Semapimod (CNI-1493) is a cytokine inhibitor and synthetic guanylhydrazone mitogen-activated protein kinase blocker, is being developed by Cytokine PharmaSciences as a potential treatment for Crohn's disease and other inflammatory conditions. As of December 2001, a phase I study demonstrating the safety of the compound had been completed and phase II trials for psoriasis and Crohn's disease were ongoing. In April 2003, preclinical and early clinical studies were underway for a variety of indications, including congestive heart failure and pancreatitis. Semapimod inhibits activation of p38 MAPK and NF-κB and induction of cyclooxygenase-2 by TLR ligands, but not by IL-1β or stresses. Semapimod inhibits TLR4 signaling (IC50 ≈0.3 umol) and acts by desensitizing cells to LPS; it fails to block responses to LPS concentrations of ≥5 ug/ml. Semapimod had been in phase II clinical trials by Ferring Pharmaceuticals for the treatment of Crohn's disease. However, this research has been discontinued. Semapimod is in phase I clinical trials for the treatment of autoimmune disorders and inflammation.

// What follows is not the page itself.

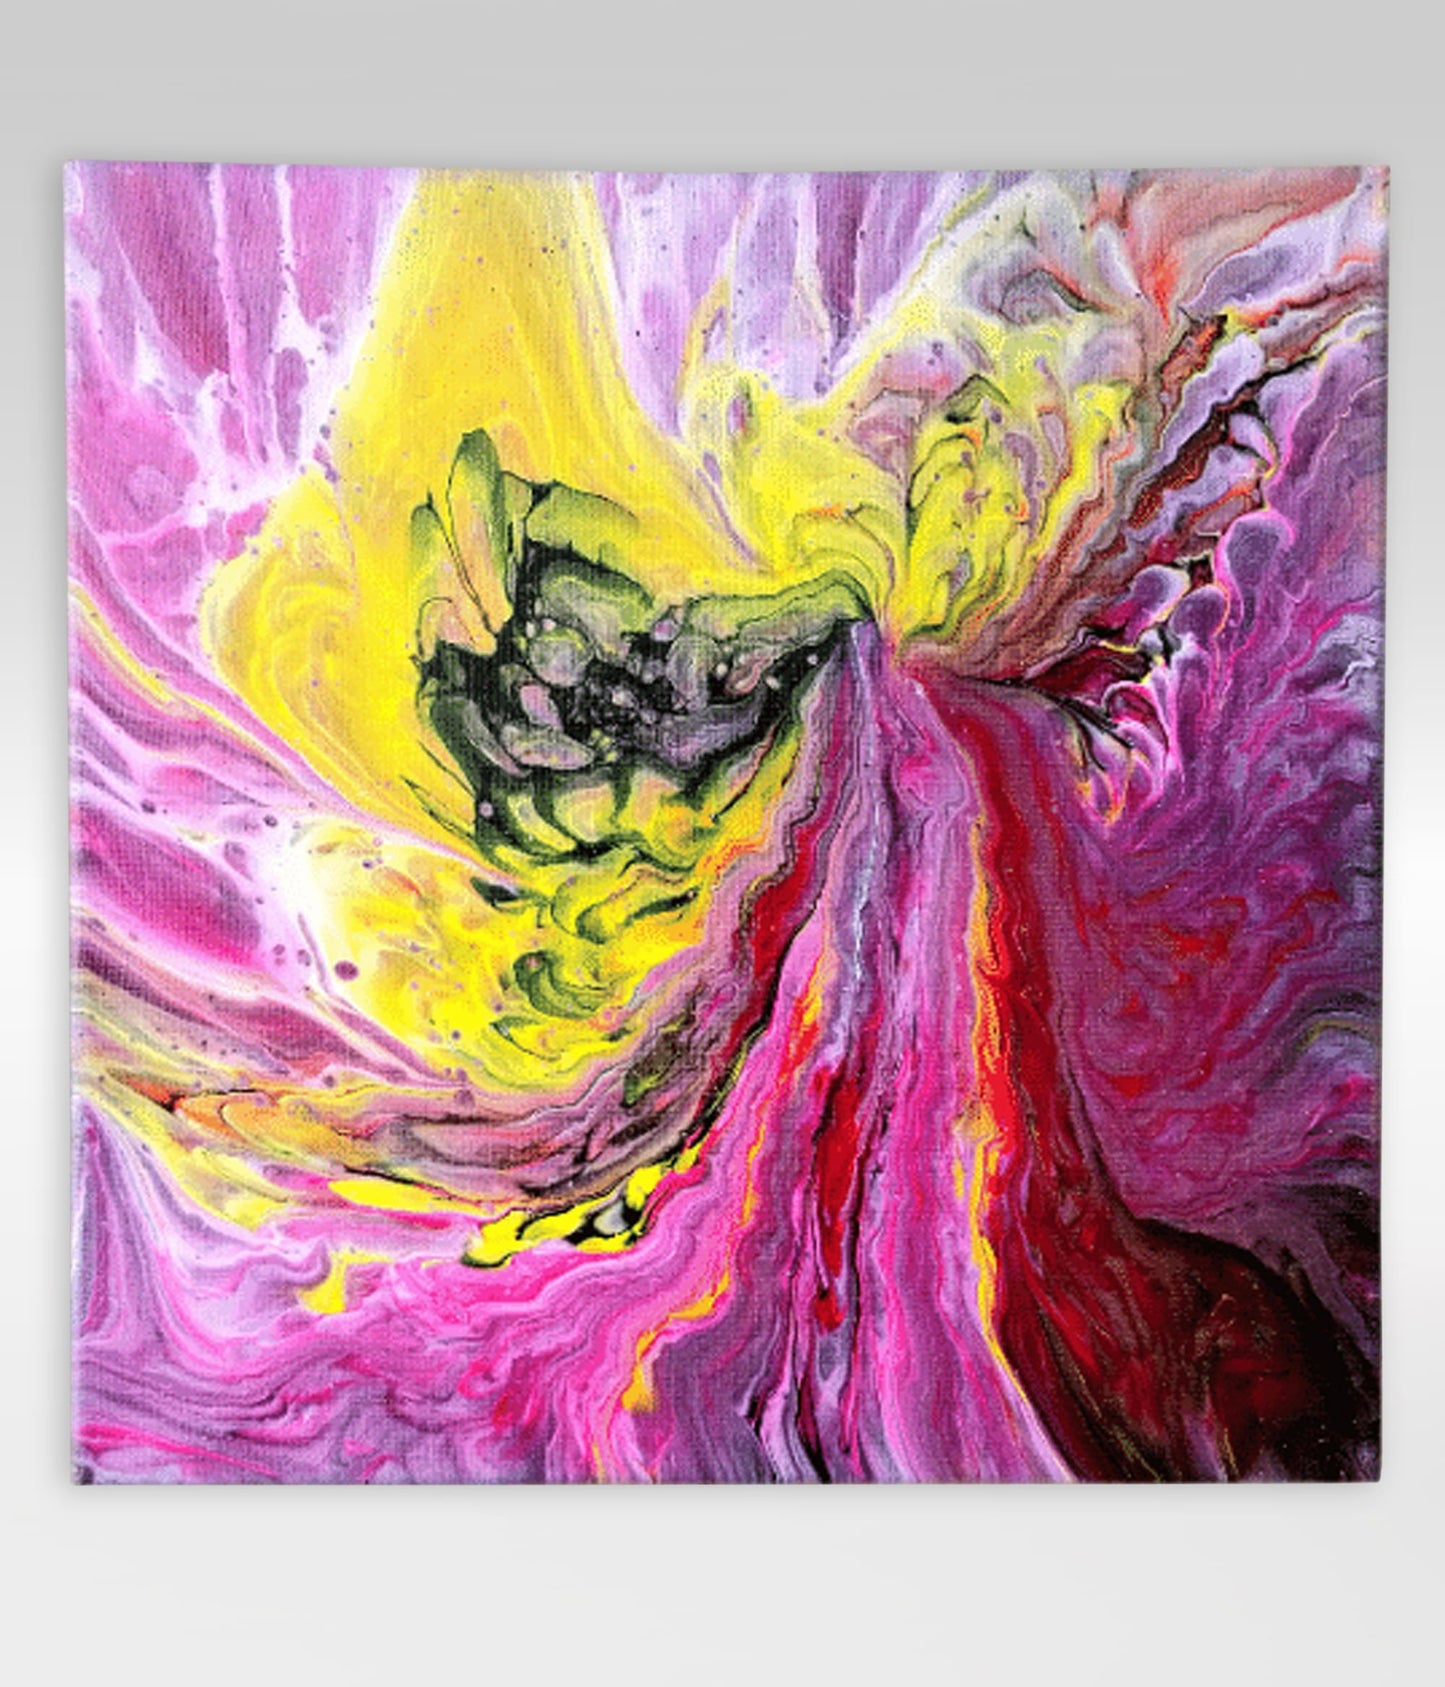 Volcanic – 12 x 12 Acrylic Pour Painting On Canvas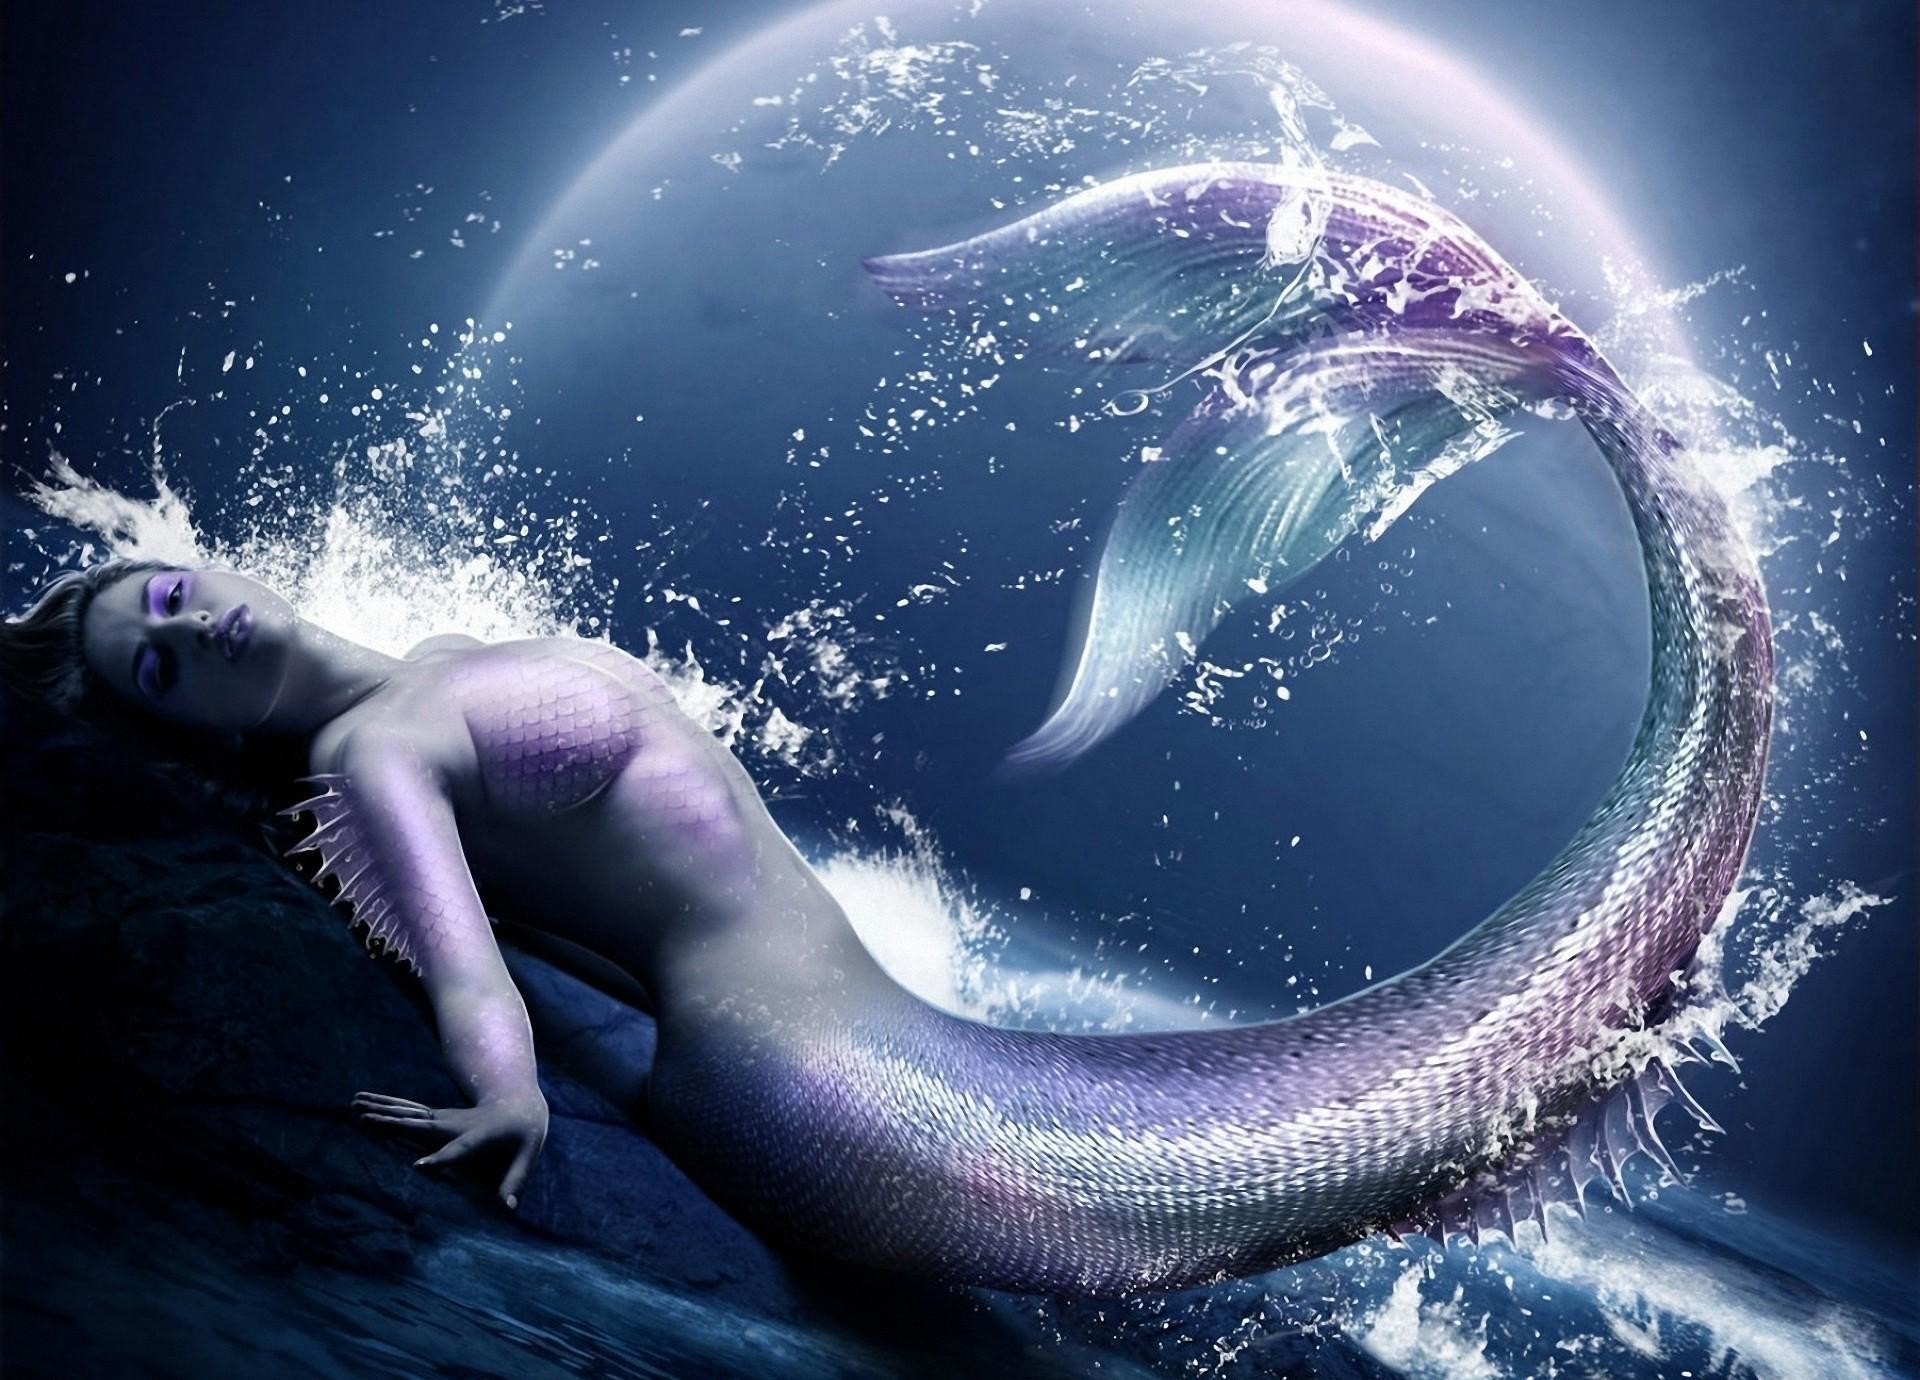 1920x1380 The Little Mermaid HD Wallpapers Backgrounds Wallpaper Mermaid Wallpaper

Tazomeline (also known as LY 287041), a neuropsychiatric agent, is a muscarinic M1 acetylcholine receptor agonist that was studied in patients with cognitive dysfunction. Tazomeline participated in clinical trials for the treatment of Alzheimer’s disease and dementia. However, all these studied were discontinued for unknown reasons.

Espatropate (UK 88060) is an antagonist of M3 muscarinic receptors. Espatropate is a bronchodilator with anticholinergic activity. It was undergoing preclinical development with Pfizer for the treatment of asthma.

GTS-21 (also known as DMBX-A), a selective alpha-7 nicotinic acetylcholine receptor agonist that has demonstrated memory and cognition enhancement activity in human clinical trials. GTS-21 has been studied in Phase II in patients with schizophrenia and in patients with Alzheimer disease. However, these studies were discontinued. GTS-21 was also involved in phase II to reduce negative affect, improve cognition and/or reduce smoking relapse in healthy adult men and women who are chronic cigarette smokers. However, this study was withdrawn. Besides, GTS-21 has participated in phase II to investigate safety and efficacy in adults with attention-deficit hyperactivity disorder.

ISPRONICLINE is a partial agonist at the a4b2 subtype of nicotinic acetylcholine receptors (nAChRs) without interaction with other nAChRs or other receptor systems. It has antidepressant, nootropic, and neuroprotective effects. It progressed to phase II clinical trials for the treatment of dementia and Alzheimer's disease but is no longer under development.